Fry’s research focuses on building a positive environment for sport in which participants are supported, effort is rewarded, teamwork is encouraged and emphasis is taken away from punishing mistakes. Instead, mistakes are viewed as a learning opportunity. Adult volunteers who coach at five Game On sites around Guatemala took part in the training. They had previously had no formal training in creating positive sporting environments.
“These are people with great hearts who really want to make a difference,” Fry said of the volunteers. “We explained why we believe in this approach, and the volunteer coaches were able to do hands-on activities to try out this positive, task-involving approach and see the impact it has first-hand.”
The caring, task-involving approach has been shown to have numerous positive benefits for coaches and participants, with the latter reporting they have more fun and want to put in more effort. They also have positive physical and psychological responses such as reduced stress and depression and better overall well-being and have even displayed more prosocial behaviors such as empathy and caring for others.
Those outcomes are especially important for the participants in Guatemala. Given high poverty rates, parents are often concerned about violence their children are exposed to and the lack of opportunity many youth have to take part in organized sporting or non-curricular activities. It is even more uncommon for young girls to have an opportunity to take part in youth sport such as those provided by Game On.
“There are some kids in Children International’s programs who do not get to experience a caring and supportive environment at home, which means it’s even more important for them to have that when they participate in our programs, like Sports for Development,” said Natalie Foxworthy, Children International Child and Youth Development senior program officer.
In addition to sharing research, Fry and her team taught Game On and Children International staff games and activities they can use to implement the strategies. While the approach can be applied in any popular activity such as soccer, they also played games that required creative teamwork and strategies such as cup stacking, relays and even incorporated comedy and music.

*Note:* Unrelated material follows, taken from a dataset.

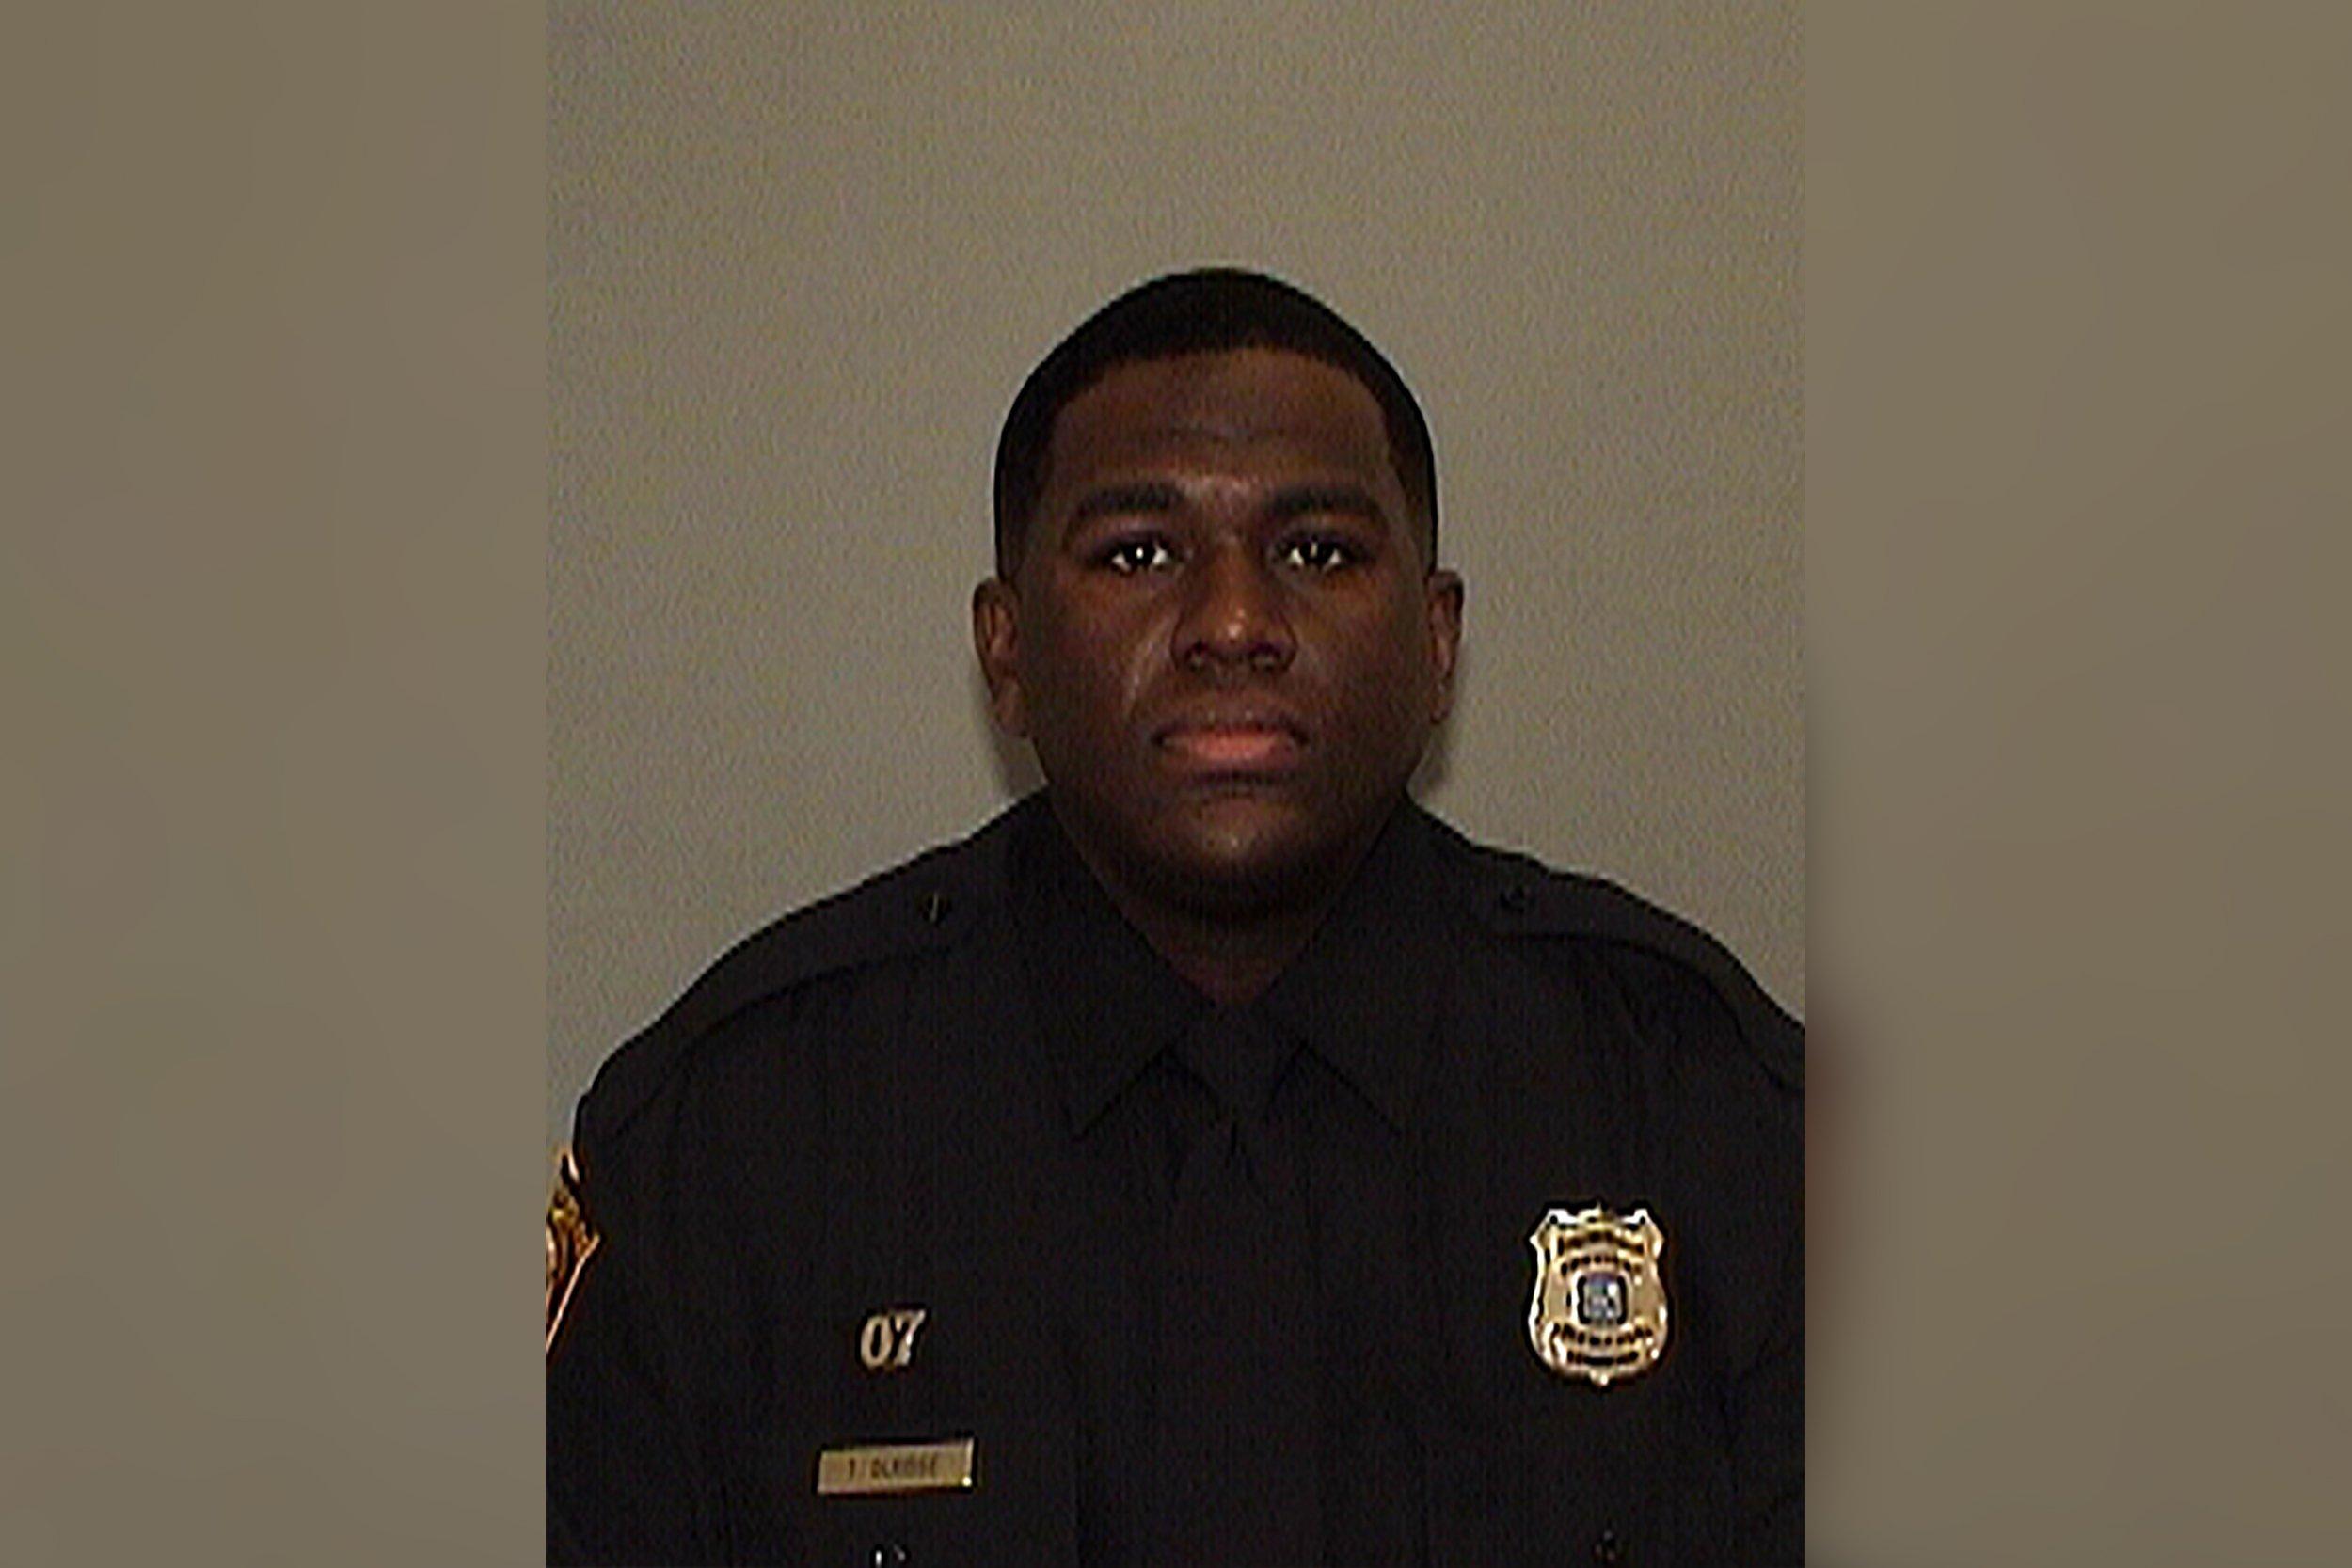 Memphis Police Officer Terence Olridge.

“When you do these kinds of activities it naturally sets the stage to have conversations about the various strengths different people bring and the advantages of being in an environment where everyone is treated with kindness and respect. The youth are able to develop skills that help them work better together,” Fry said.
But the activity the youths and adult volunteers take part in is secondary to the environment in which it happens. Fry’s research has shown when people take part in sport or activities in a caring, task-involving climate over time, not only do they perform better and have more fun, but they experience better overall well-being, positive behaviors and problem solving abilities that translate to other parts of life.
“It’s not all about the activities, it was about using these strategies and creating a positive environment for kids where they have fun, work together and have better outcomes that, most importantly, can benefit them across all areas of their lives,” Fry said.